- _Input_:
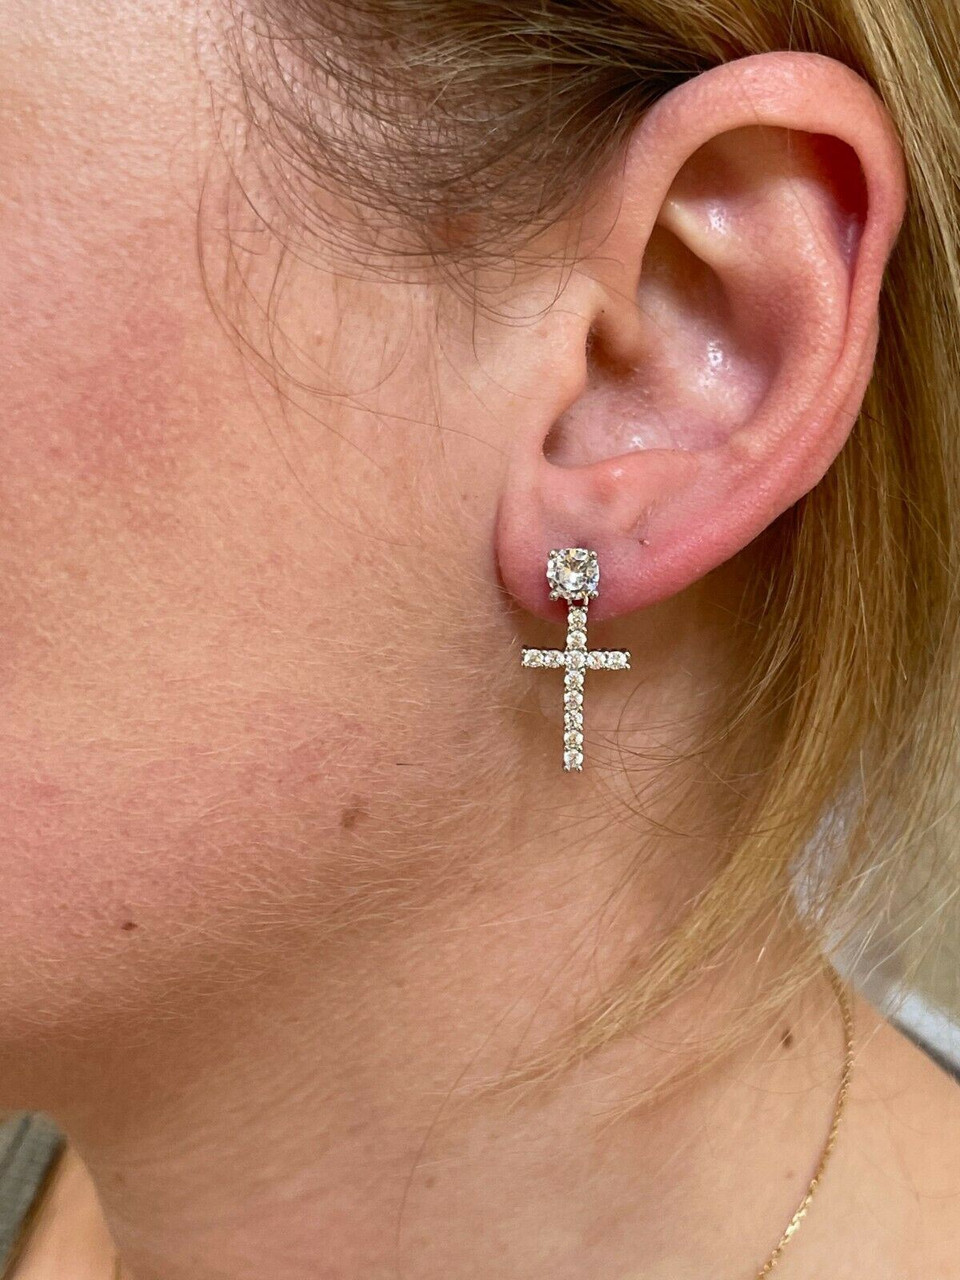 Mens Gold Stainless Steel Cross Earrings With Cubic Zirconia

* * *

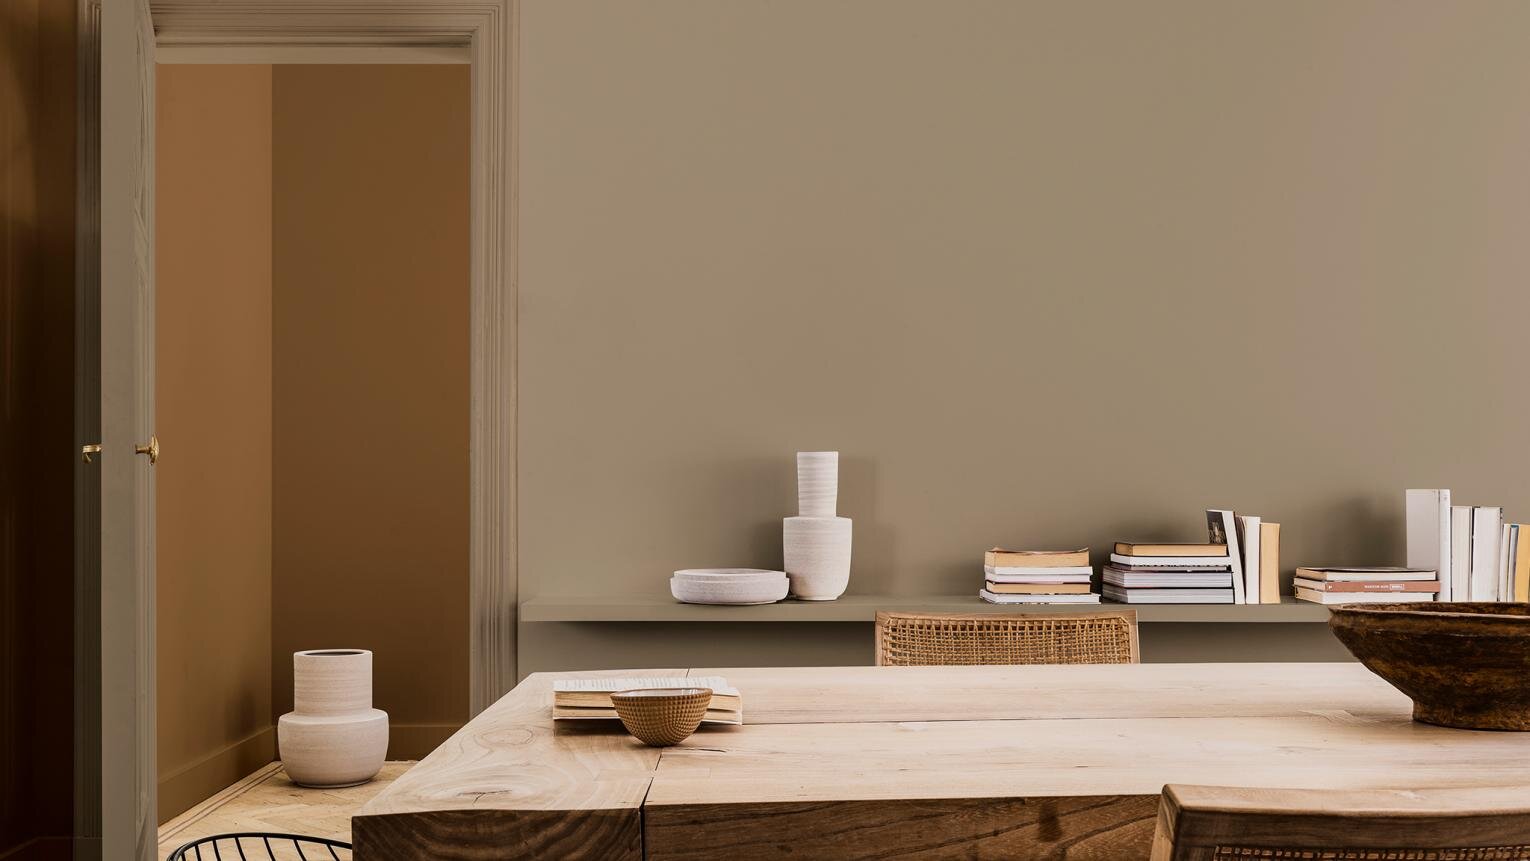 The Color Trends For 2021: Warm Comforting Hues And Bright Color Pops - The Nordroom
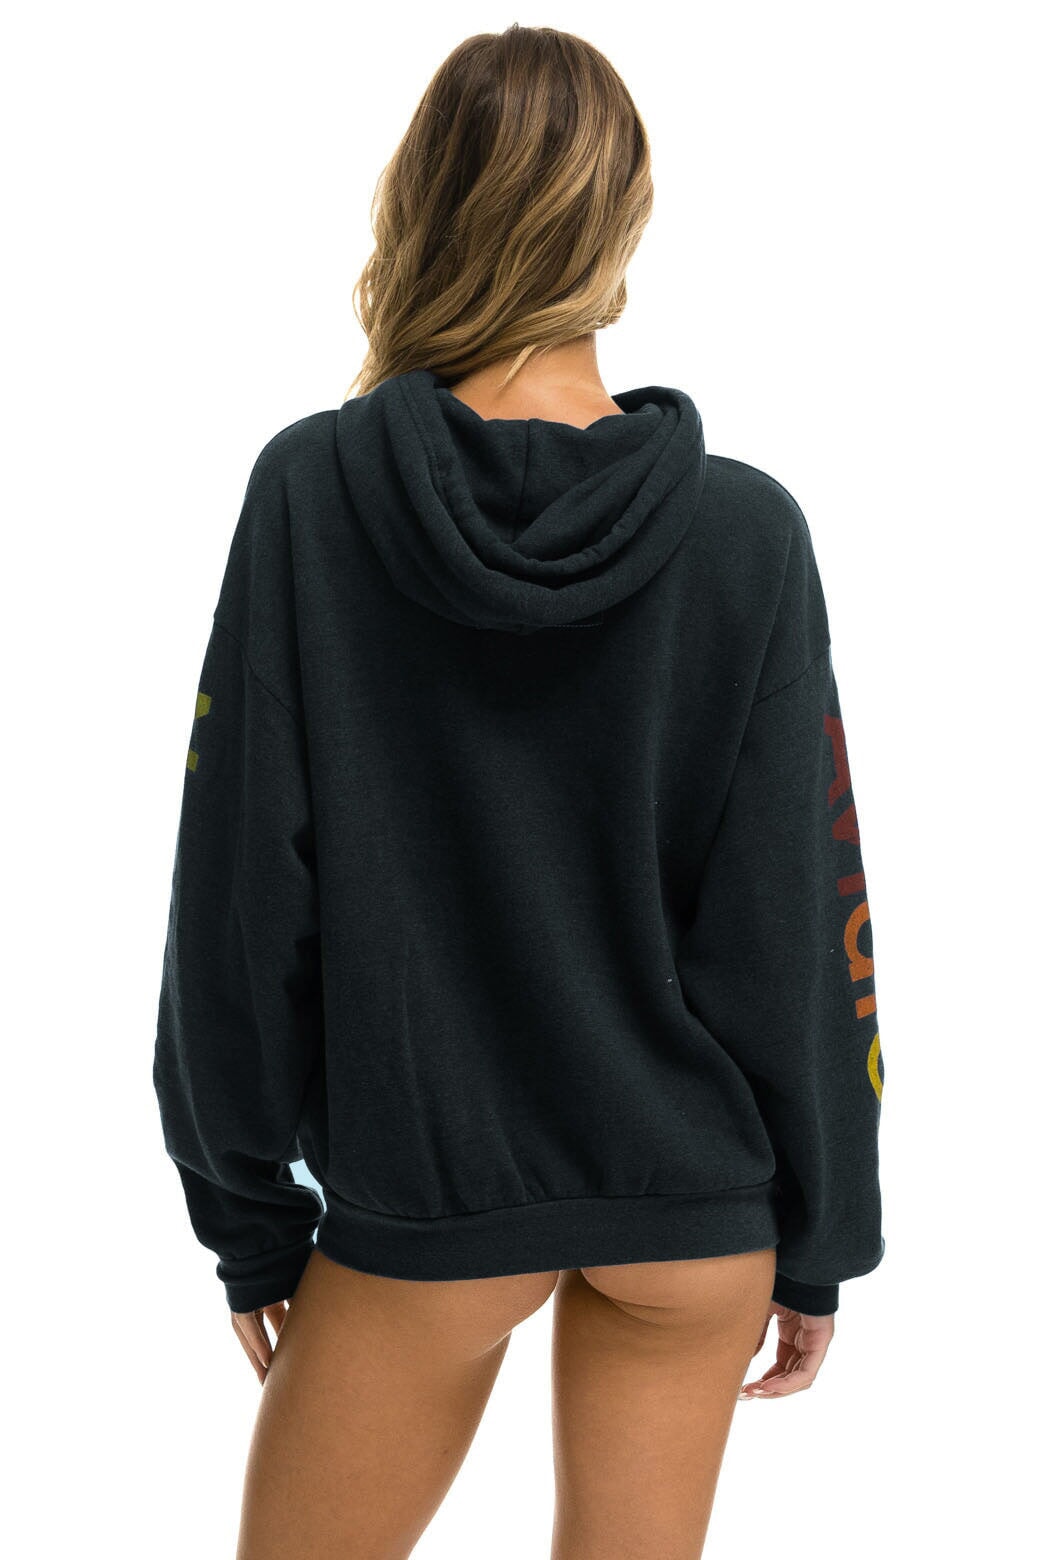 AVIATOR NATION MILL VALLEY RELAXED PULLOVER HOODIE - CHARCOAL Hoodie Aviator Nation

- _Task goal_: What is needed is an exact copy of only the lines above from the one with "The Color Trends" to the one with "AVIATOR NATION MILL", both kept, with every picture left out.

- _Reply_:
 The Color Trends For 2021: Warm Comforting Hues And Bright Color Pops - The Nordroom
 AVIATOR NATION MILL VALLEY RELAXED PULLOVER HOODIE - CHARCOAL Hoodie Aviator Nation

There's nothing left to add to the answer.